Latitude — hard way (no pandas)
Mean   : 40.74179
Median : 40.74591
Mode   : 40.68719


## Part C: Where Hotspots Are Concentrated

Counting hotspots by borough gives a quick first view of access points across the city. I am not claiming causality; this is a fast visual sense of scale that a reader can understand without a plotting library.

**How to read the chart**
- Each `+` represents a fixed number of hotspots.
- The longest line has the most hotspots.
- The goal is a simple ranking you can read in seconds.

**Legend:** 1 `+` = 50 hotspots.
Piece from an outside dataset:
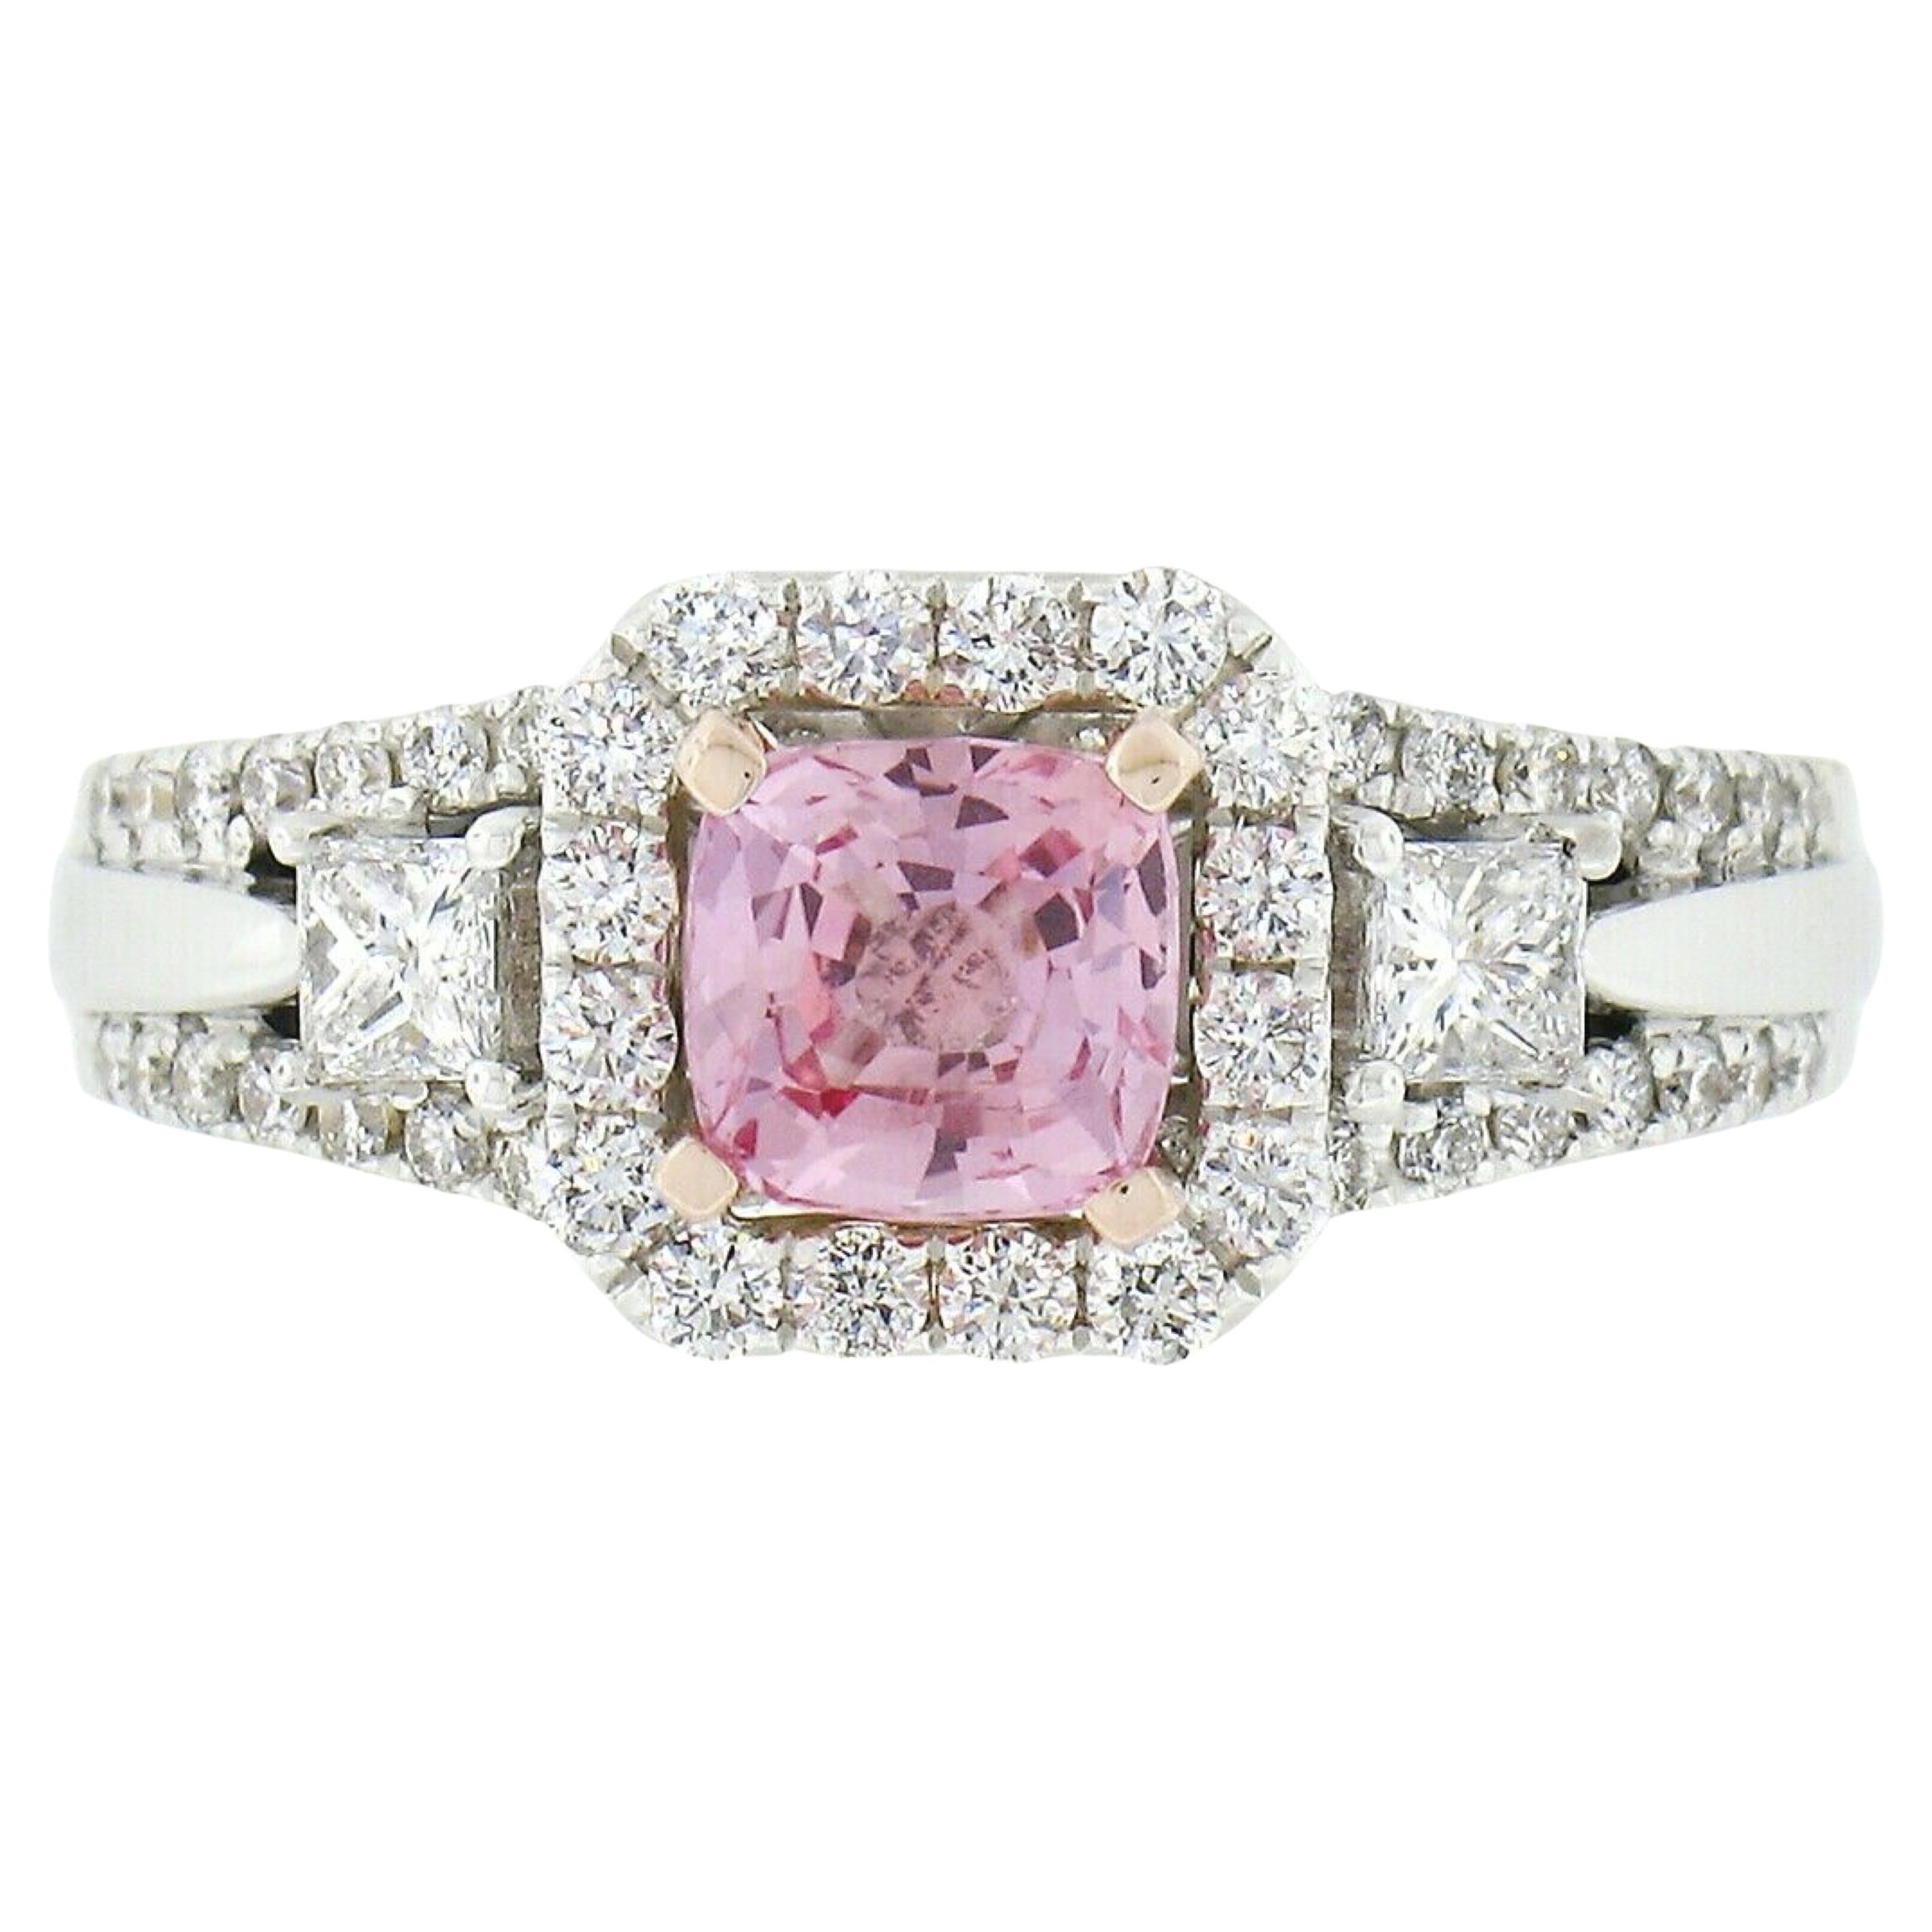 New 14k White Gold 1.55ctw No Heat Pink Cushion Sapphire Diamond Engagement Ring For Sale

Please note that the plus signs are scaled by dividing each borough count by 50 and rounding.


In [7]:
# Visualization 

code_to_name = {1: "Manhattan", 2: "Bronx", 3: "Brooklyn", 4: "Queens", 5: "Staten Island"}

by_boro = (
    df.assign(BoroughCode=pd.to_numeric(df["Borough"], errors="coerce"))
      .assign(Borough=lambda x: x["BoroughCode"].map(code_to_name).fillna(x["Borough"].astype(str)))
      .groupby("Borough").size().reset_index(name="Hotspots")
      .sort_values("Hotspots", ascending=False)
)

unit = 50  # 1 '+' = 50 hotspots

print("NYC Wi-Fi hotspots by borough")
print(f"(Legend: 1 '+' = {unit} hotspots)\n")
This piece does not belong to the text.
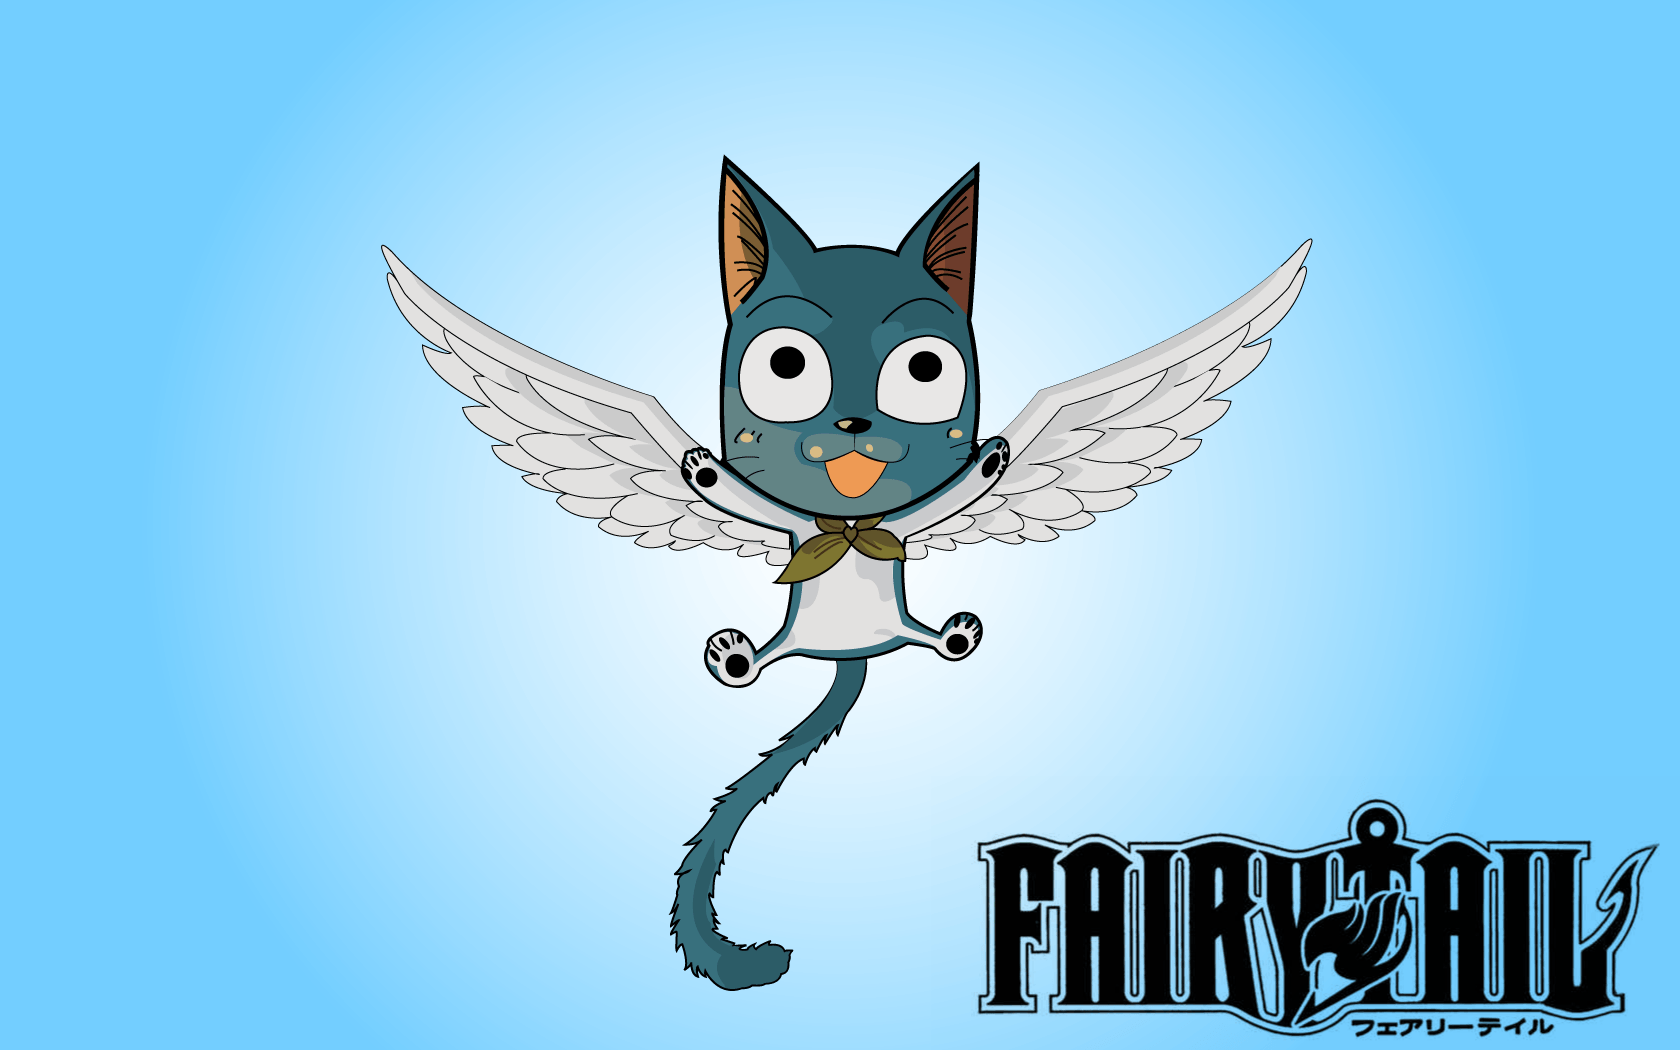 Wallpaper For > Fairy Tail Wallpaper Happy

for name, v in zip(by_boro["Borough"], by_boro["Hotspots"]):
    bar_len = max(1, int(round(v / unit)))
    print(f"{name:15} {'+' * bar_len}")



NYC Wi-Fi hotspots by borough
(Legend: 1 '+' = 50 hotspots)

Manhattan       +++++++++++++++++++++++++++++++++
Brooklyn        ++++++++++++++
Queens          +++++++++++
Bronx           ++++++
Staten Island   ++


### What stands out

Some interesting observations to note from this project are:

- Some boroughs have many more public Wi-Fi sites than others. The `+` chart shows that difference at a glance.
- This view is **raw counts**, not **per capita**. *Per capita* means “per person.” For example, **hotspots per 100,000 residents** = `(borough hotspot count / borough population) * 100,000`. Per capita data would have let me compare fairly across big and small boroughs if the scope of the project had been wider.
- Counts do not tell us **quality**. A hotspot might be slow, indoors, or only available during certain hours. Quantity is not the same as usable access.

**Note**
I consulted AI (ChatGPT) during drafting and coding for quick checks and suggestions especially for the 'hardway' section.